The research identifies three essential interrelated areas that leaders must prioritise to create a resilient, future-ready enterprise, realising full value from accelerated technology adoption, overhauling workforce strategies, and closing the gap between thought and action in the face of growing ESG challenges.

‘Focus on resilience’

“Resilience is the new must-have capability for every organisation that expects to thrive in this time of intensifying competition, ever-accelerating digital technology, and unpredictable global events,” said Euan Davis, Head of Cognizant Research.

“To succeed as a modern business, leaders must be ready for anything, and prioritisation is key when everything seems equally critical. We’ve shown that savvy technology investment, attention to developing talent with new and expanded skillsets, and embedding and acting on an ESG agenda are core elements of focus on which leaders can build. The successful CXOs will build future-ready, resilient businesses by ensuring their organisations learn, adapt, and continually evolve,” Davis added.

The survey said that strategic clarity is muddled. Over 90 per cent of business leaders surveyed say it is a strategic priority to adopt a data-driven approach and create a digital-first business model, with 37 per cent citing both imperatives, along with the need to align operations with these new modes of working as “business critical”.

Hunger for emerging technologies

Technology investment is accelerating beyond what has become the standard shopping list of cloud, advanced analytics, IoT and artificial intelligence/machine learning even while respondents say they are not yet realising the full value of existing investments.

Furthermore, 80 per cent of respondents say they have adopted or plan to adopt these foundational technologies, but there is also a growing appetite for emerging technologies. Over 60 per cent of respondents say they plan to or are already adopting quantum computing, blockchain, and robotics.

Workforce and talent management strategies need a major overhaul to prepare workers for new ways of work. Nearly half of respondents (46 per cent) recognise they lack the skilled talent necessary to make productive use of advanced technologies.

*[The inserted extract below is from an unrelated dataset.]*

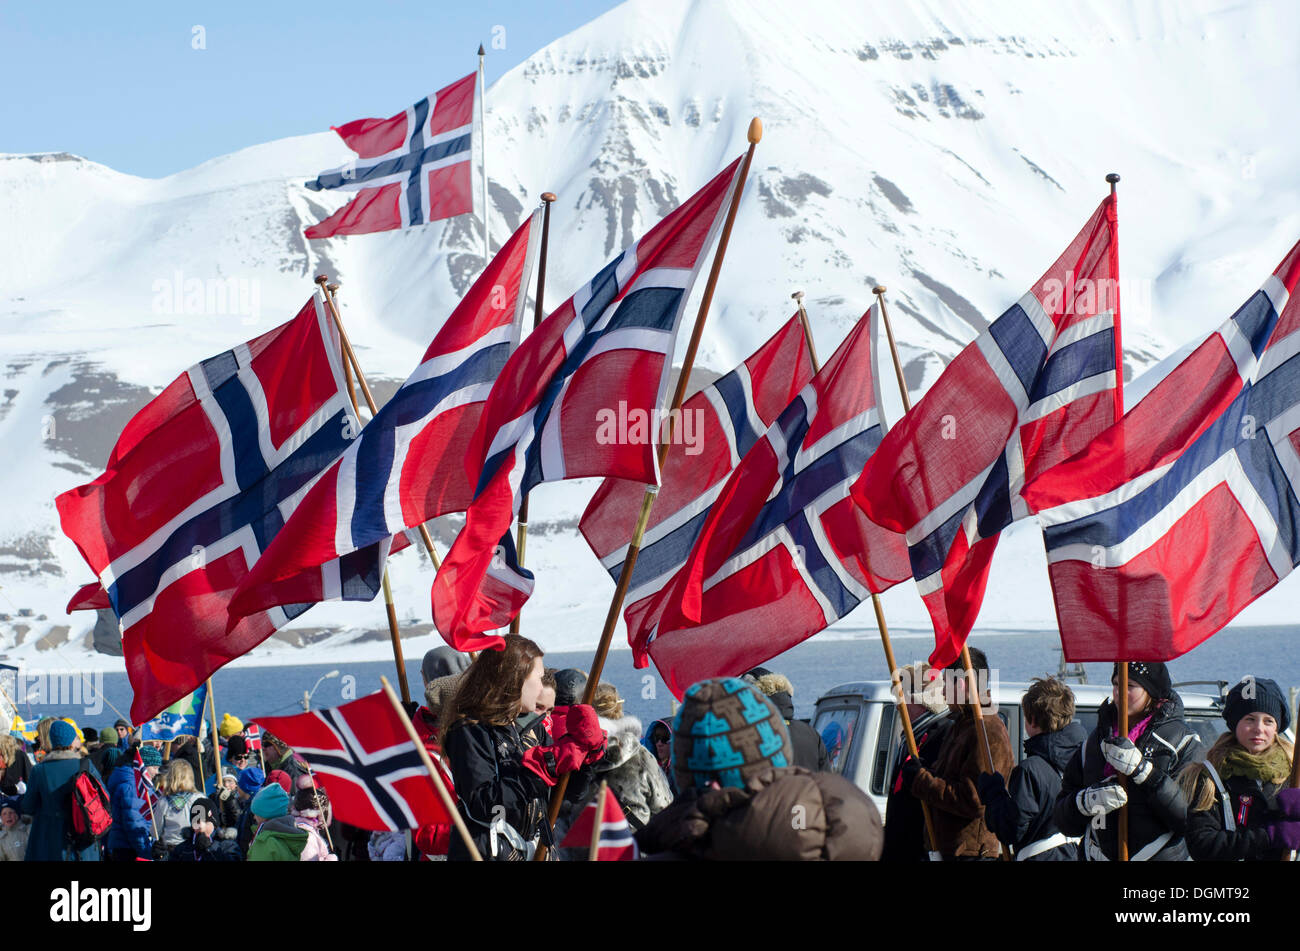 Drapeaux national norvégien norvégien sur la fête nationale, le 17 mai, menés par Longyearbyen, Spitsbergen, Svalbard, Norvège Banque D'Images

When asked about the biggest hurdles to implementing new processes, products, services and technologies over the last 12 months, the two most significant challenges were workforce-related: a lack of knowledgeable staff and a chronic lack of focus on preparing workers for the new ways of work. For example, just one-third (33 per cent) of respondents are using data to identify and understand training needs and cultivate talent, the survey said.